Uganda pilots UN project to de-radicalise prisoners

Commissioner General of Prisons Johnson Byabashaija. PHOTO | ANDREW BAGALA

Uganda is one of the four countries in the world that the United Nations has offered support for rehabilitation and reintegration of prisoners.

The four-year project worth $4m (Shs14.5b) is funded by the United Nations Office on Drugs and Crime (UNODC), the Netherlands and European Union. 

Speaking at a roundtable consultation on rehabilitation and reintegration of former violent extremist prisoners at Entebbe yesterday, the Commissioner General of Prisons, Dr Johnson Byabashaija, said the project will help them stop radicalisation of prisoners by violent and extremist ones. 

“I remember in the 1990s, we used to have people who used knives and killed three or four policemen.
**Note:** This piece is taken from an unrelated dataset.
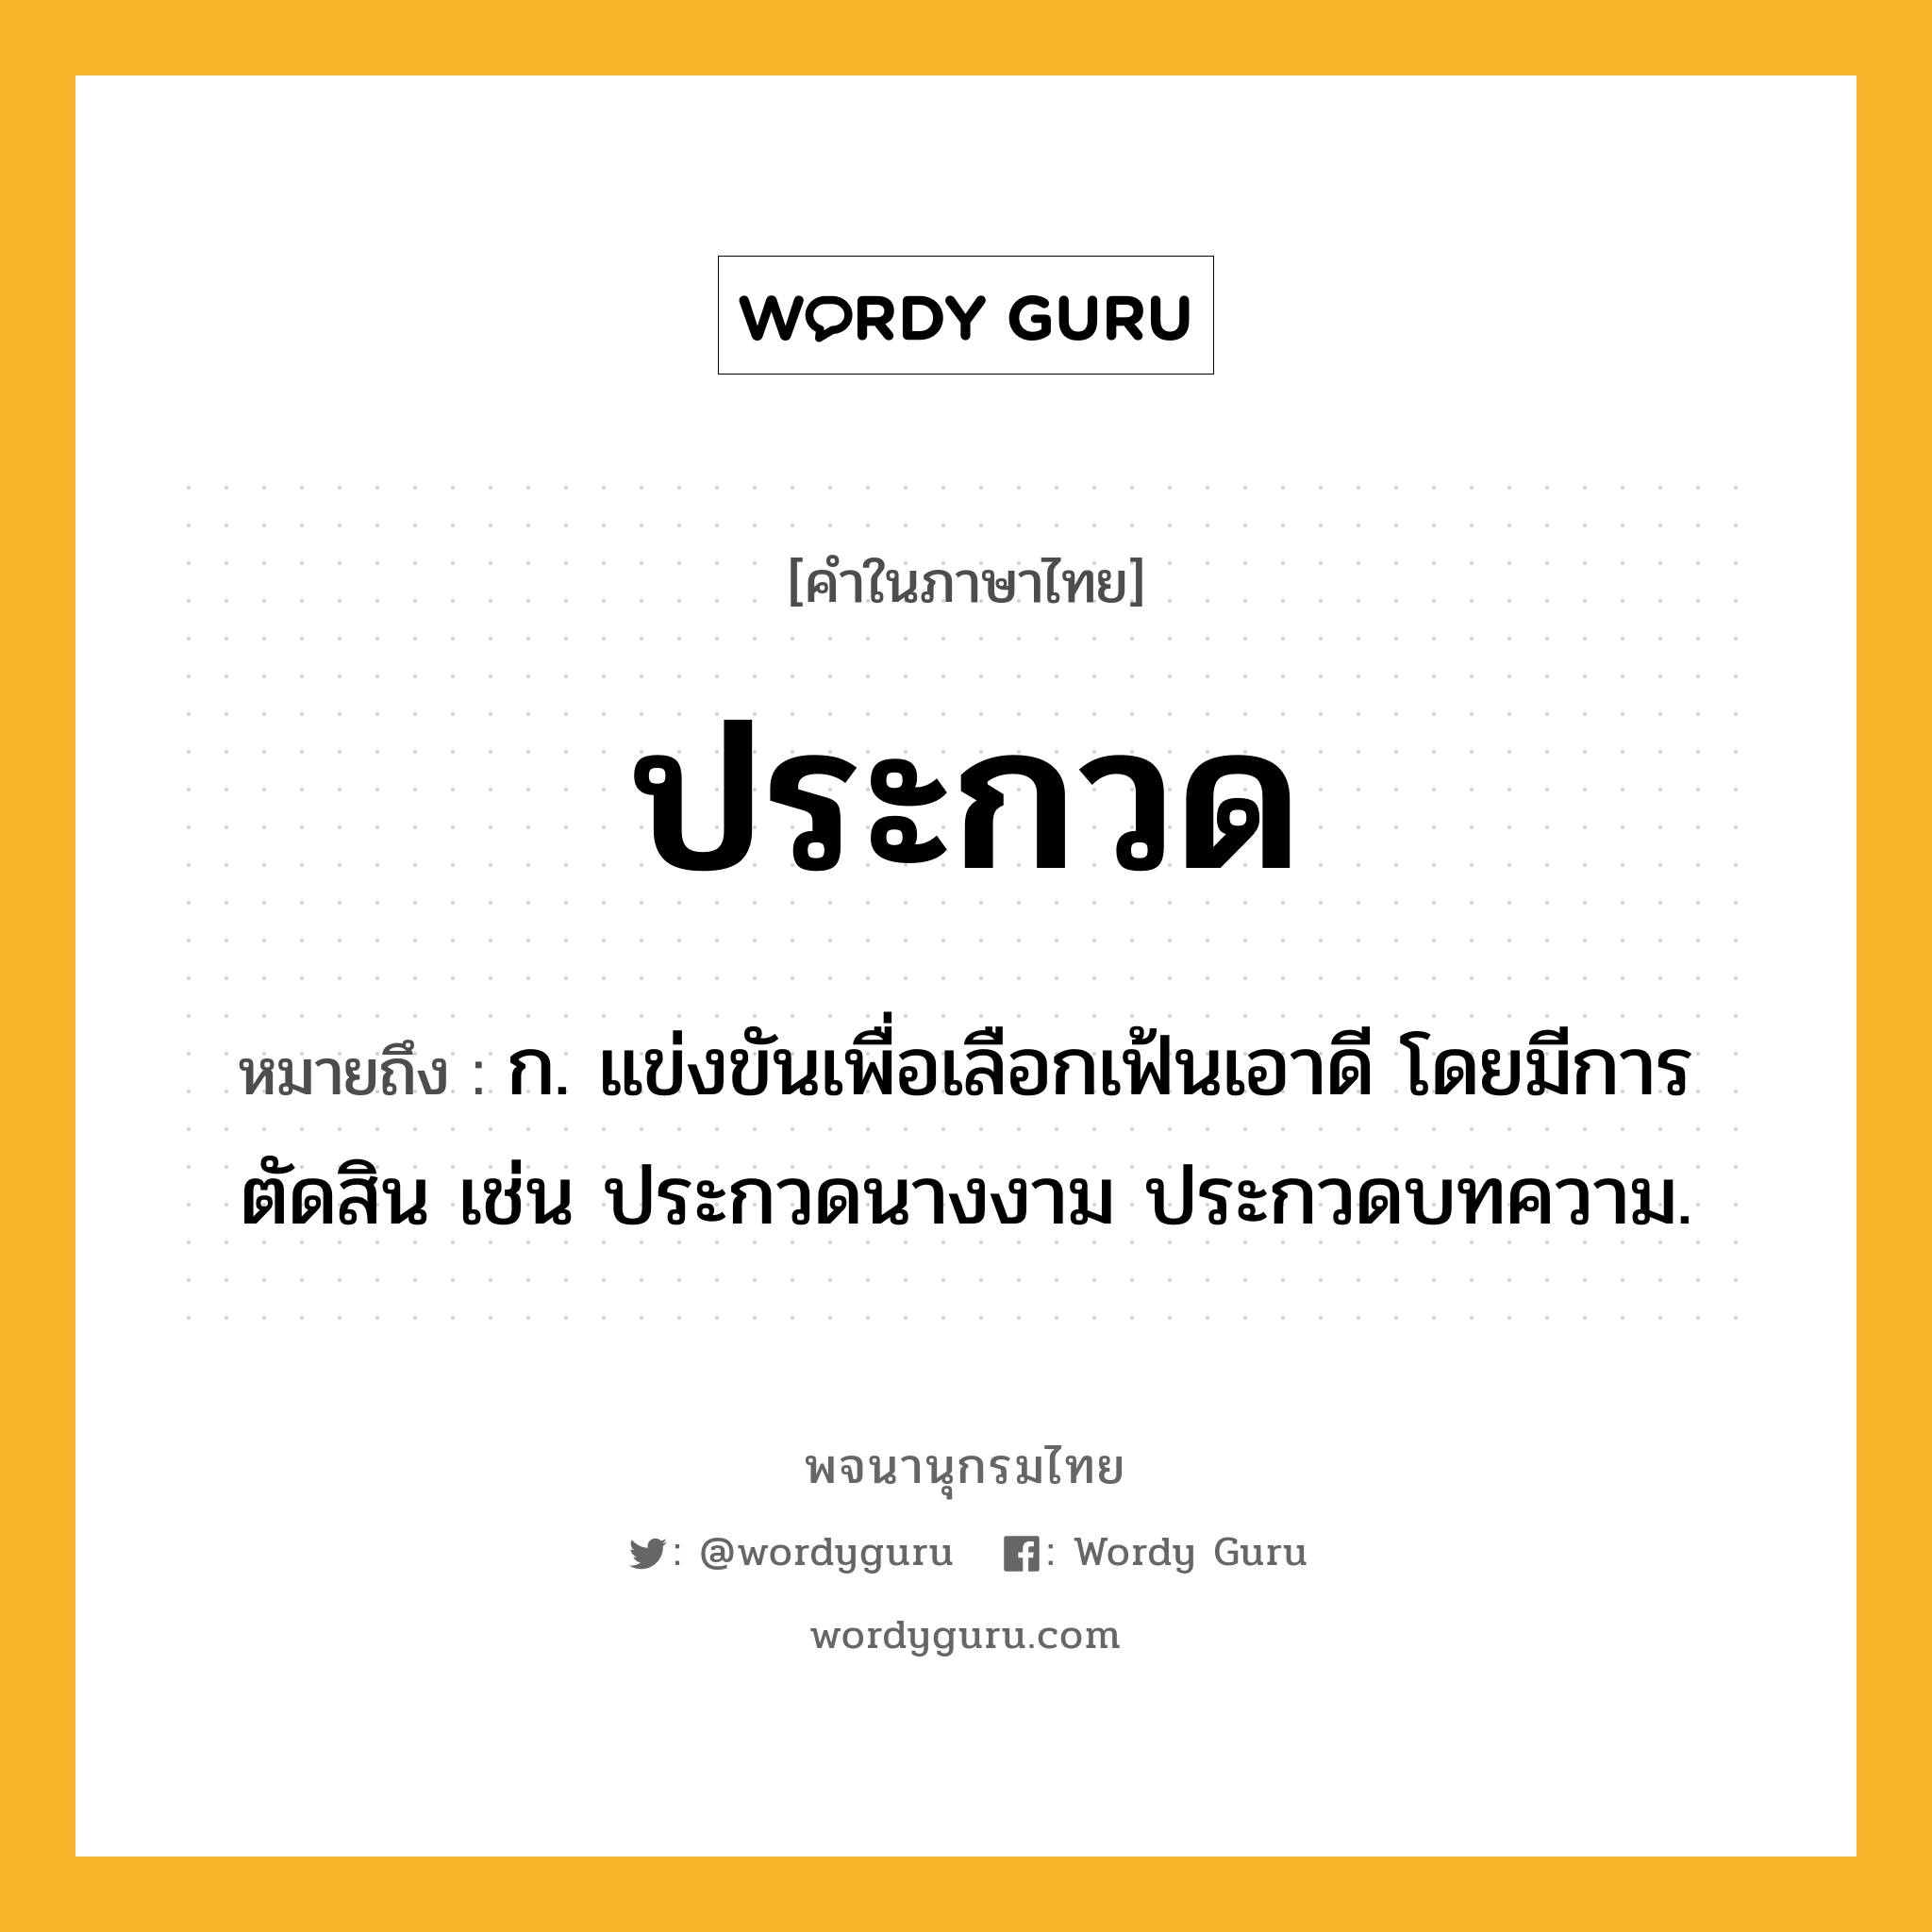 ประกวด ความหมาย หมายถึงอะไร?, คำในภาษาไทย ประกวด หมายถึง ก. แข่งขันเพื่อเลือกเฟ้นเอาดี โดยมีการตัดสิน เช่น ประกวดนางงาม ประกวดบทความ.

When they brought them to prison, I think we created a very big group out of those few. So one of the programmes undertaken by this project is to prevent radicalisation of inmates, who were otherwise not violent and extremists,” Dr Byabashaija said. 
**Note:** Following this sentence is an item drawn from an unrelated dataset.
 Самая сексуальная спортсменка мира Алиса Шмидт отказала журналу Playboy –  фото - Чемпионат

Dr Byabashaija said since 2009 Uganda prisons has been getting violent and extremist inmates and it has been a challenge to manage them and also rehabilitate them because of lack of capacity and knowledge.

At least 180 inmates are in prison on allegations of extremism. 

More than 36 instructors have so far been trained on management of such inmates as part of the project.

The Ambassador of the Kingdom of Netherlands, Ms Karin Boven, said prisons also provide an opportunity for violent prisoners to disengage from extremism.

“Prison management and necessary reform constitute a fundamental basis for the affected management of all prisoners including violent extremist prisoners,” Ms Boven said. 

She, however, said the management of extremist prisoners should be done within the accepted standards for treatment of prisoners under the United Nations rules and other international guidelines. 

She cautioned prisons officials against inhumane treatment of inmantes. 

The head of UNODC, Ms Sharon Nyambe, said they are looking at safety and security of the violent extremist prisoners, their rehabilitation and reintegration in the community.

Some of these programmes will require spacious detention centres and also engage the prisons authority to create room for rehabilitation of the violent extremist prisoners. 

Last week, the United Kingdom warned of a possible terrorist attack on Uganda although security agencies in the country called for calm saying they have put in place measures to detect the sleeper terror cells that entered the country.